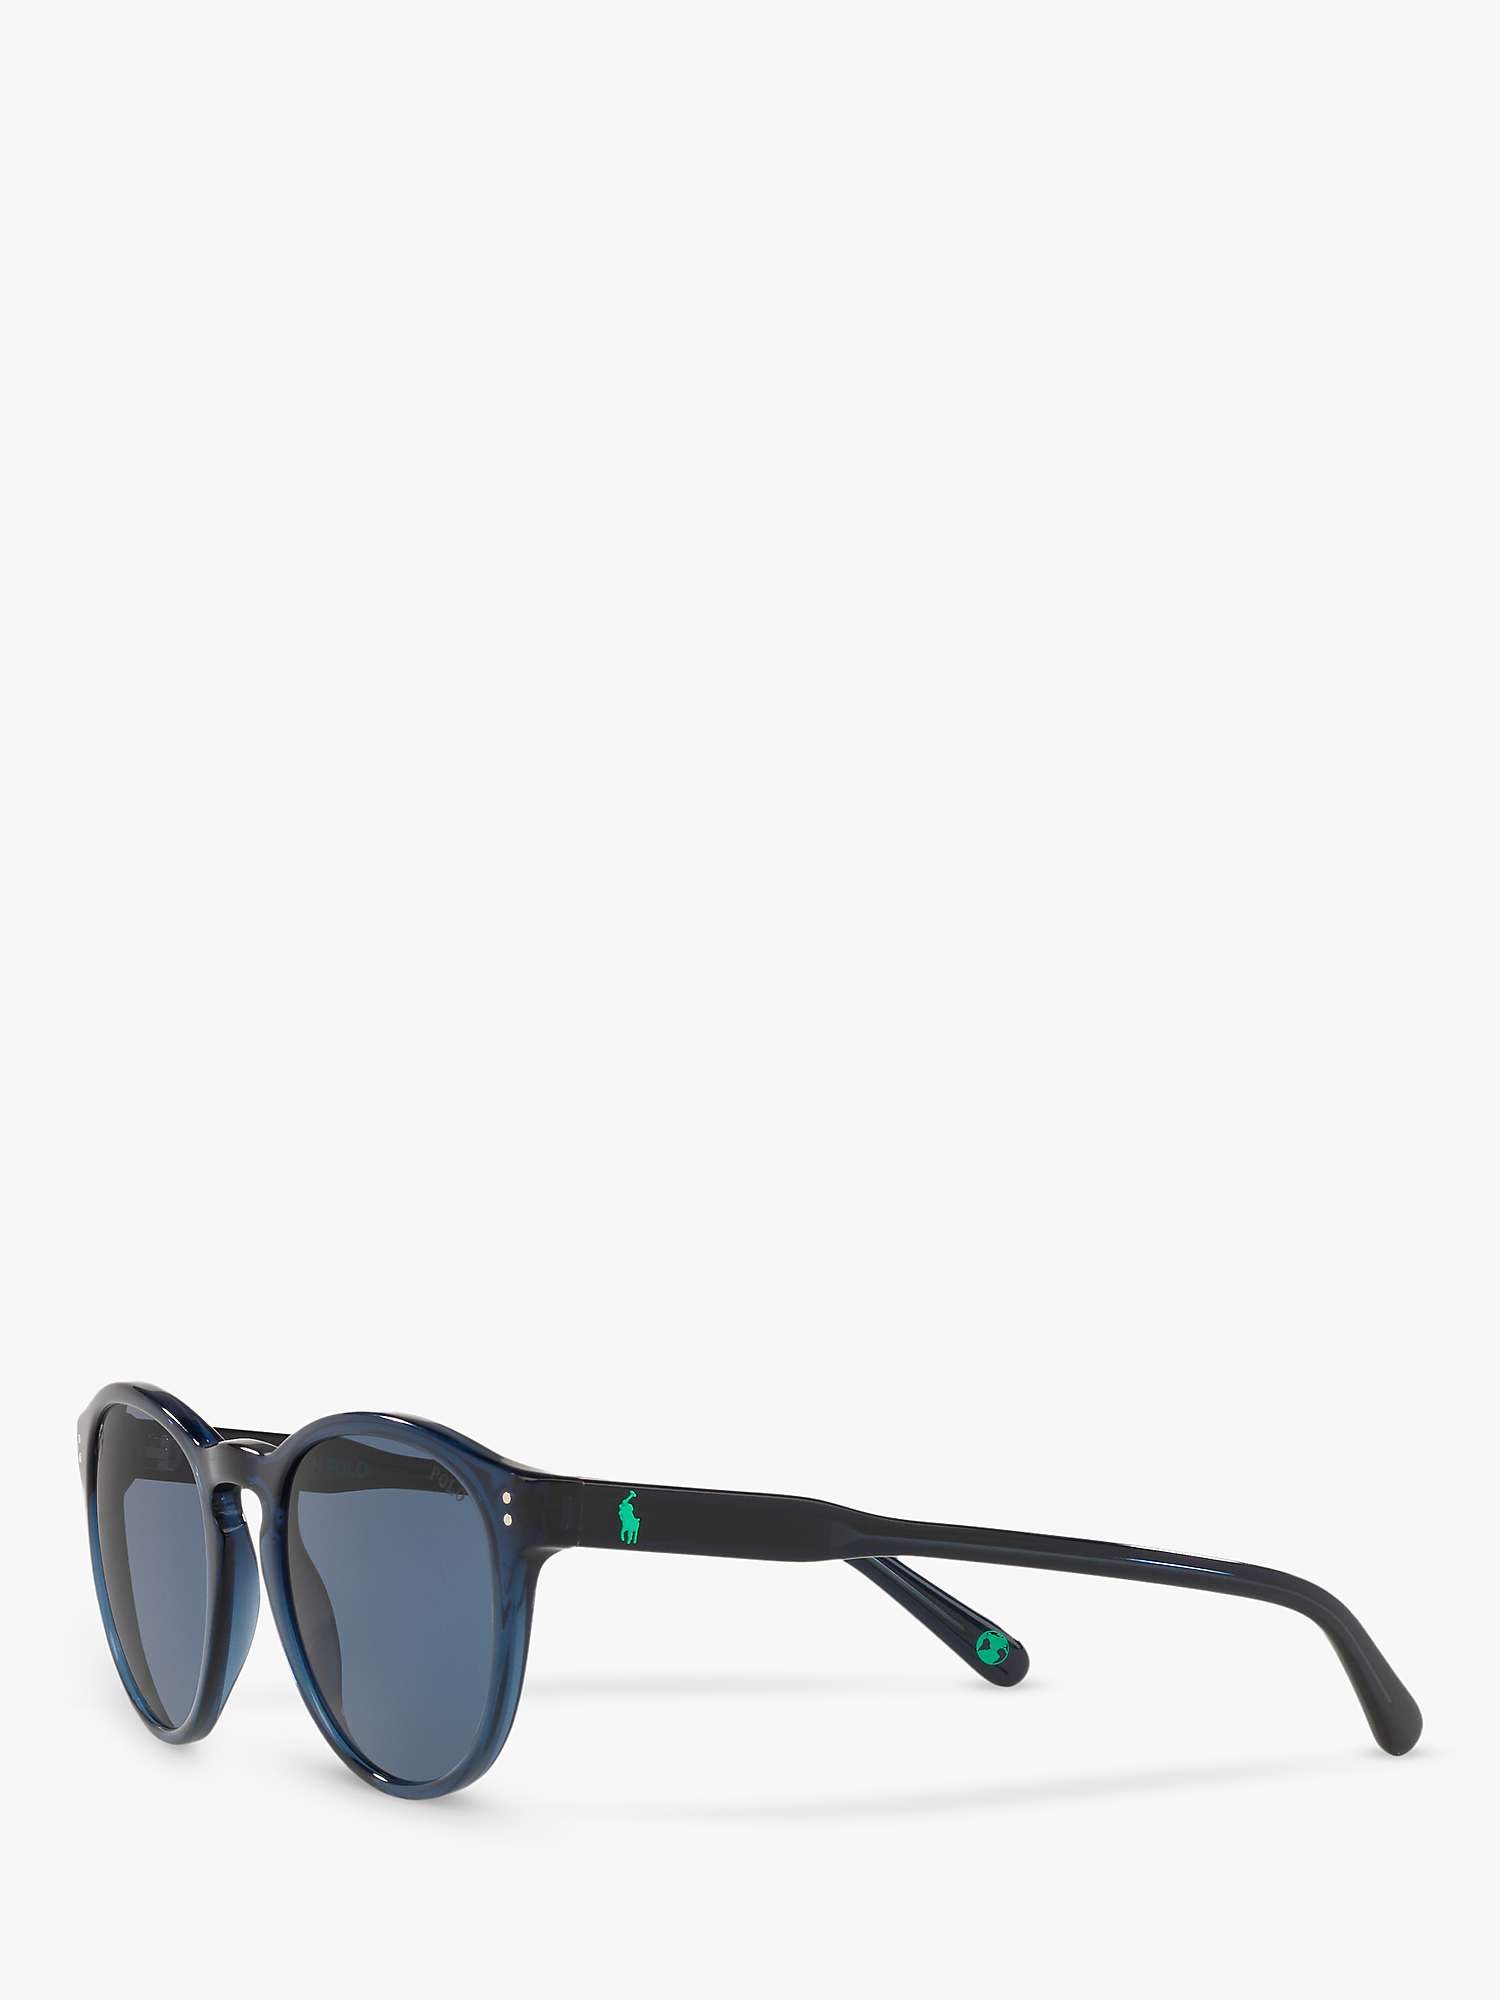 Buy Ralph Lauren PH4172 Men's Oval Sunglasses Online at johnlewis.com
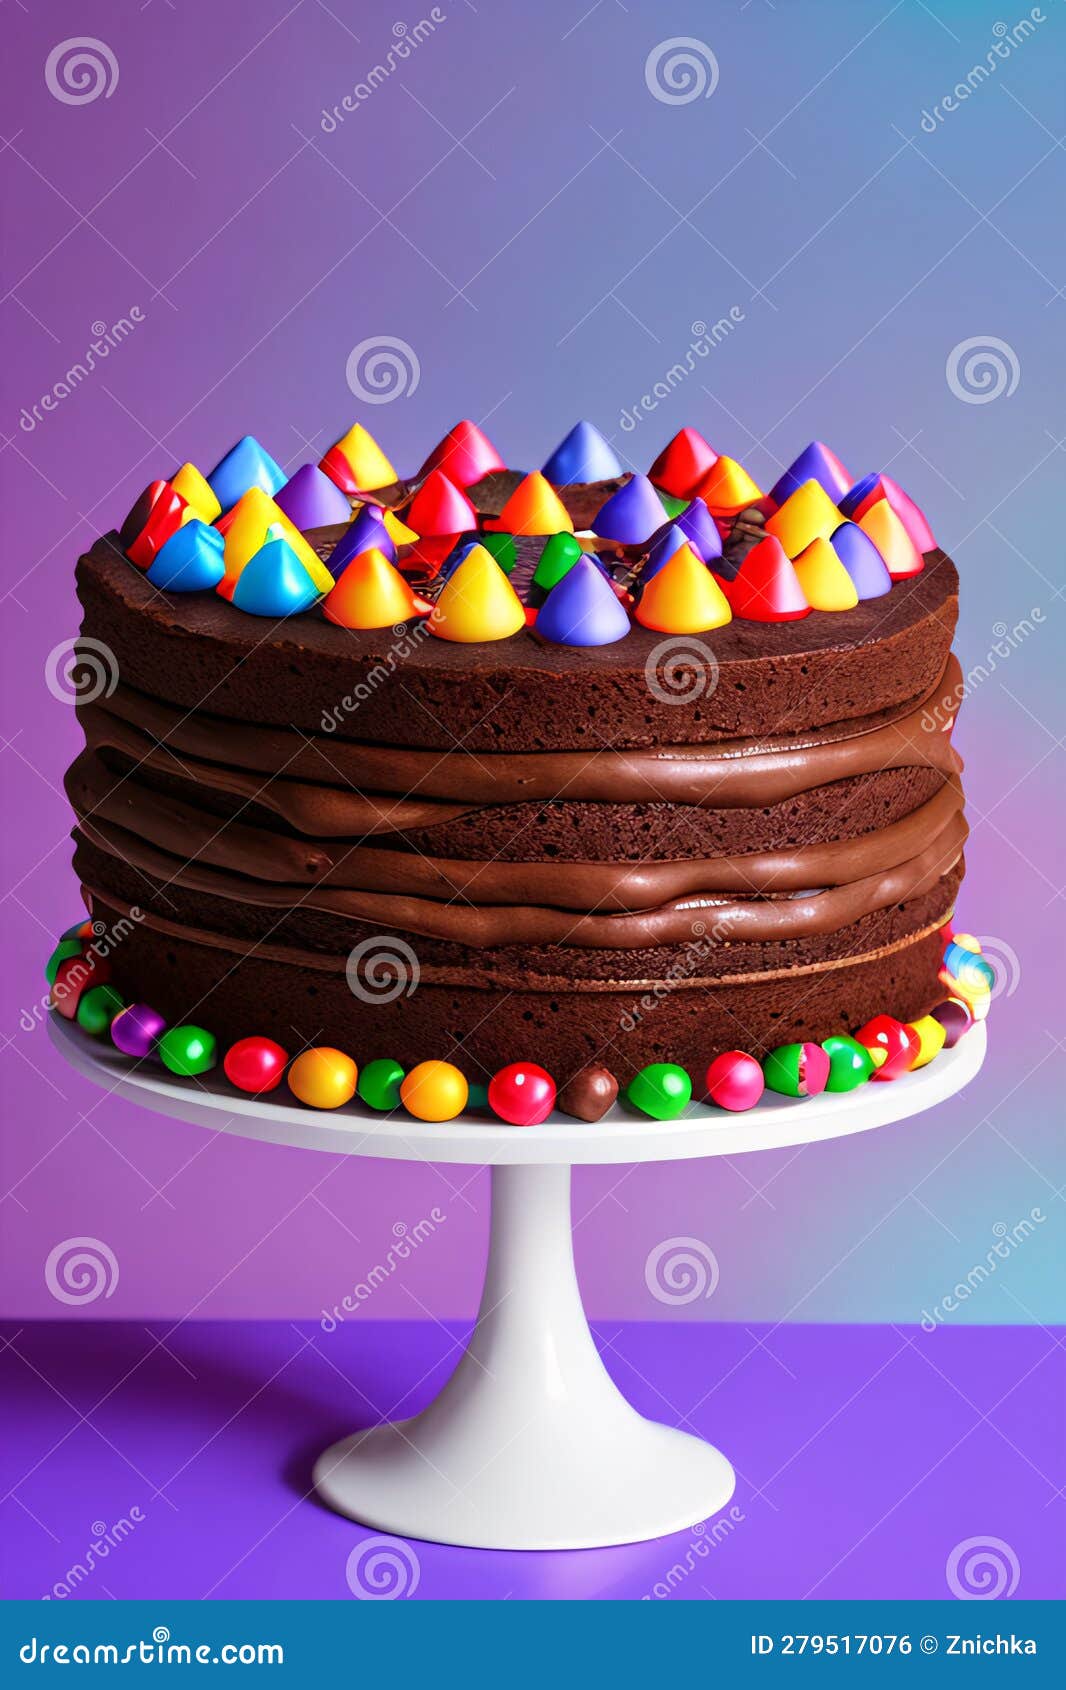 Round Chocolate Cake with Cream and Chocolate Shavings Stock Photo ...
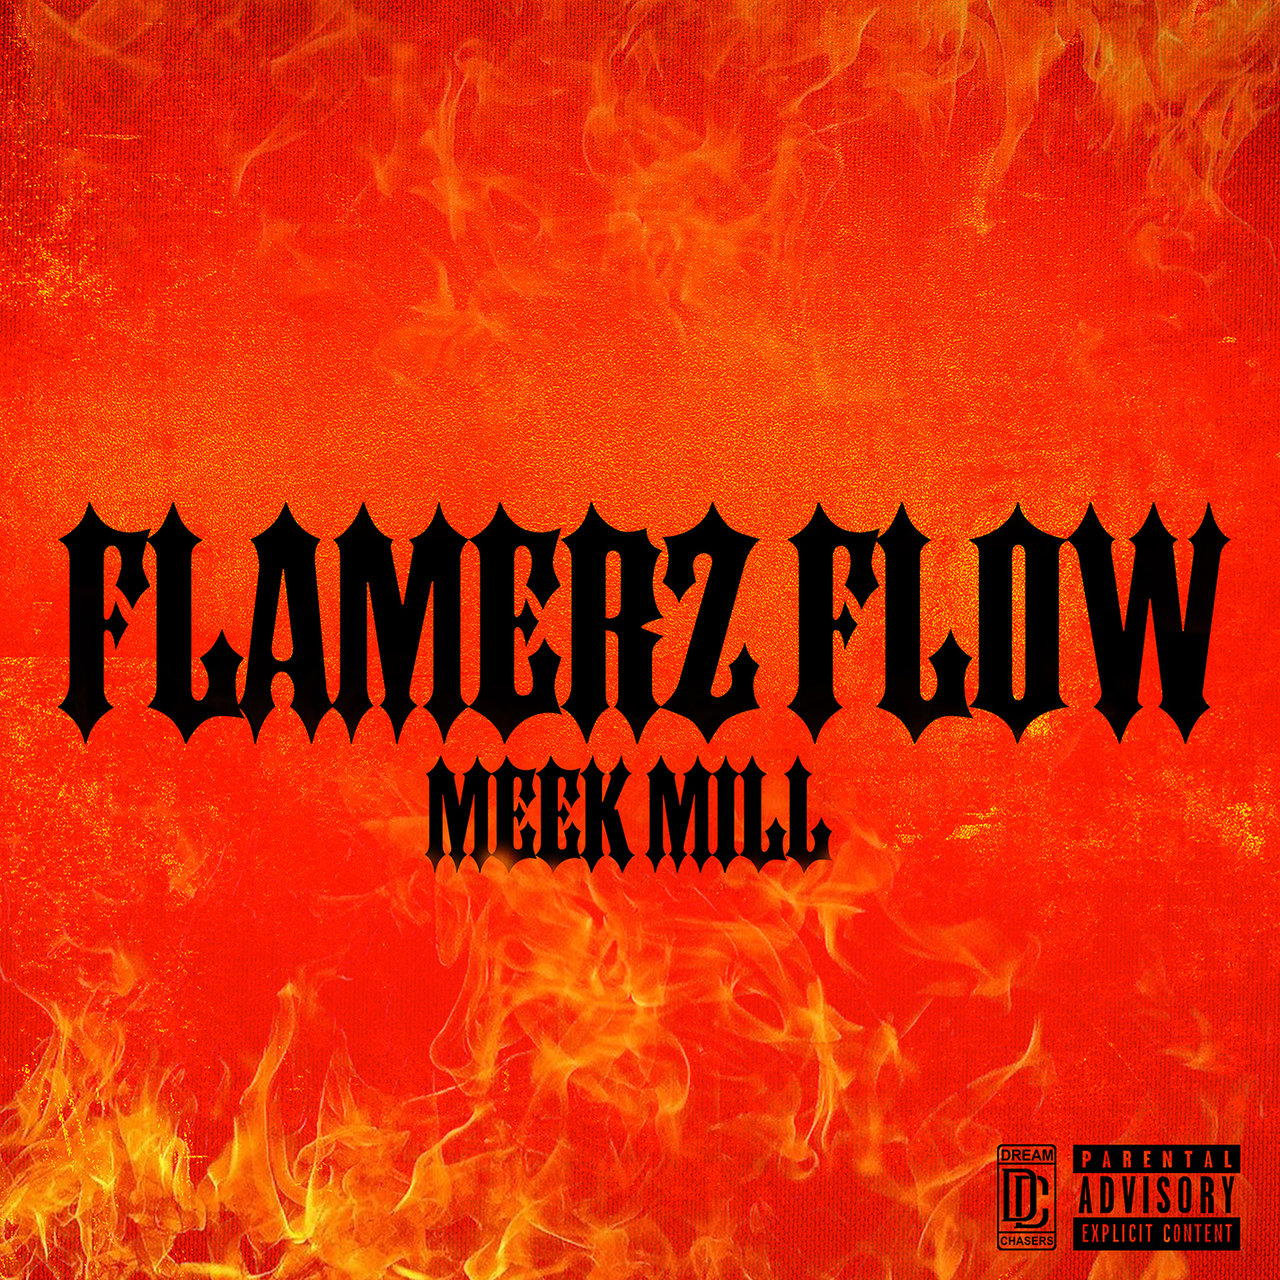 Meek Mill - Flamerz Flow (Cover)
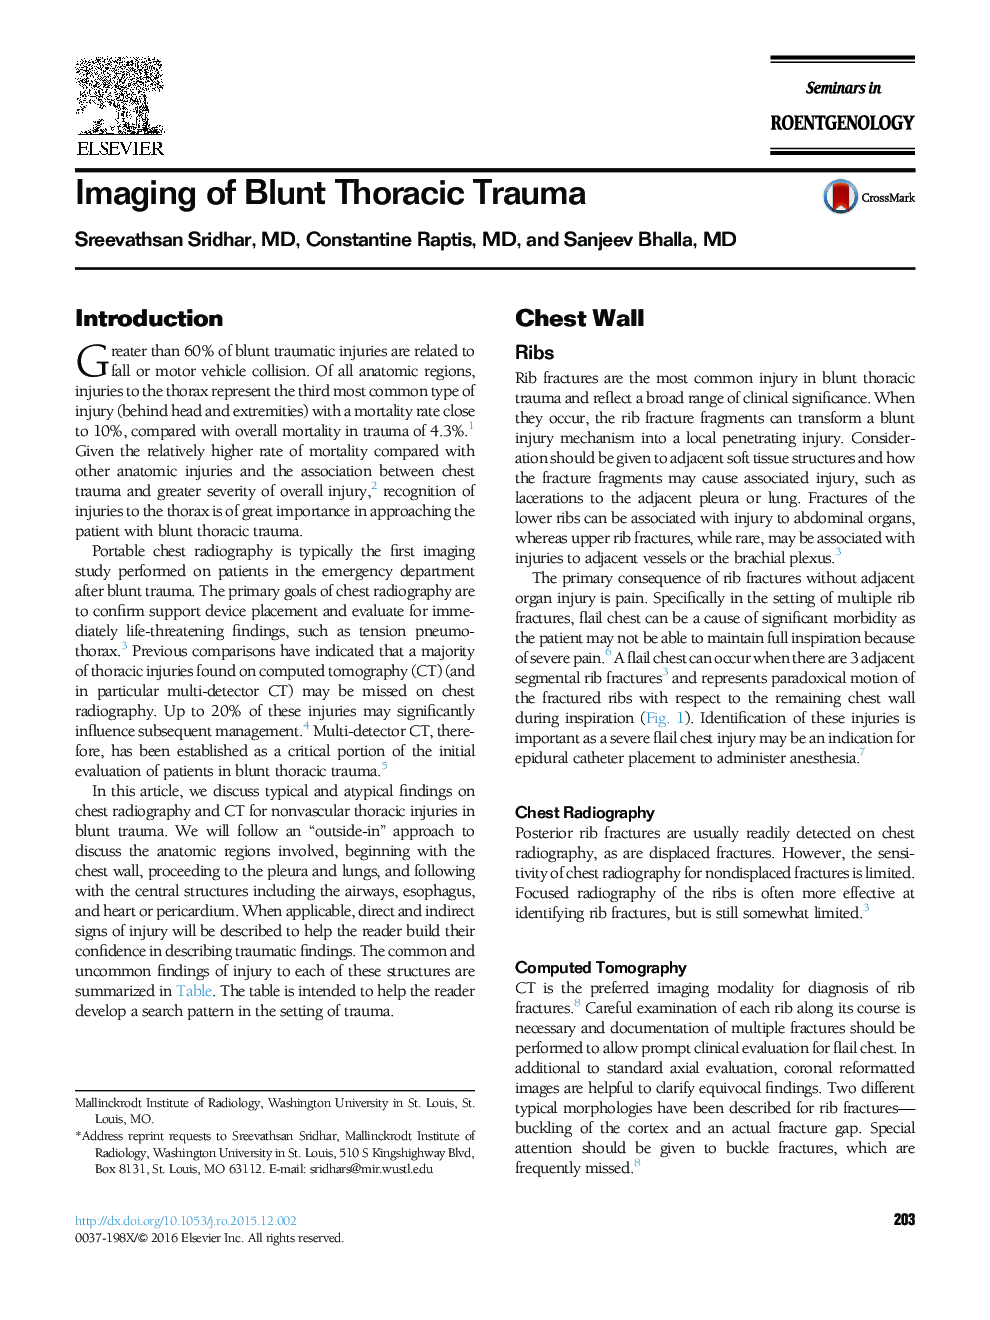 Imaging of Blunt Thoracic Trauma

• **About this task**
Line by line, output the material above exactly, passing over the pictures.

• **Response area**
 Buy Ralph Lauren PH4172 Men's Oval Sunglasses Online at johnlewis.com
 Round Chocolate Cake with Cream and Chocolate Shavings Stock Photo ...
 Meek Mill - Flamerz Flow (Cover)
 Imaging of Blunt Thoracic Trauma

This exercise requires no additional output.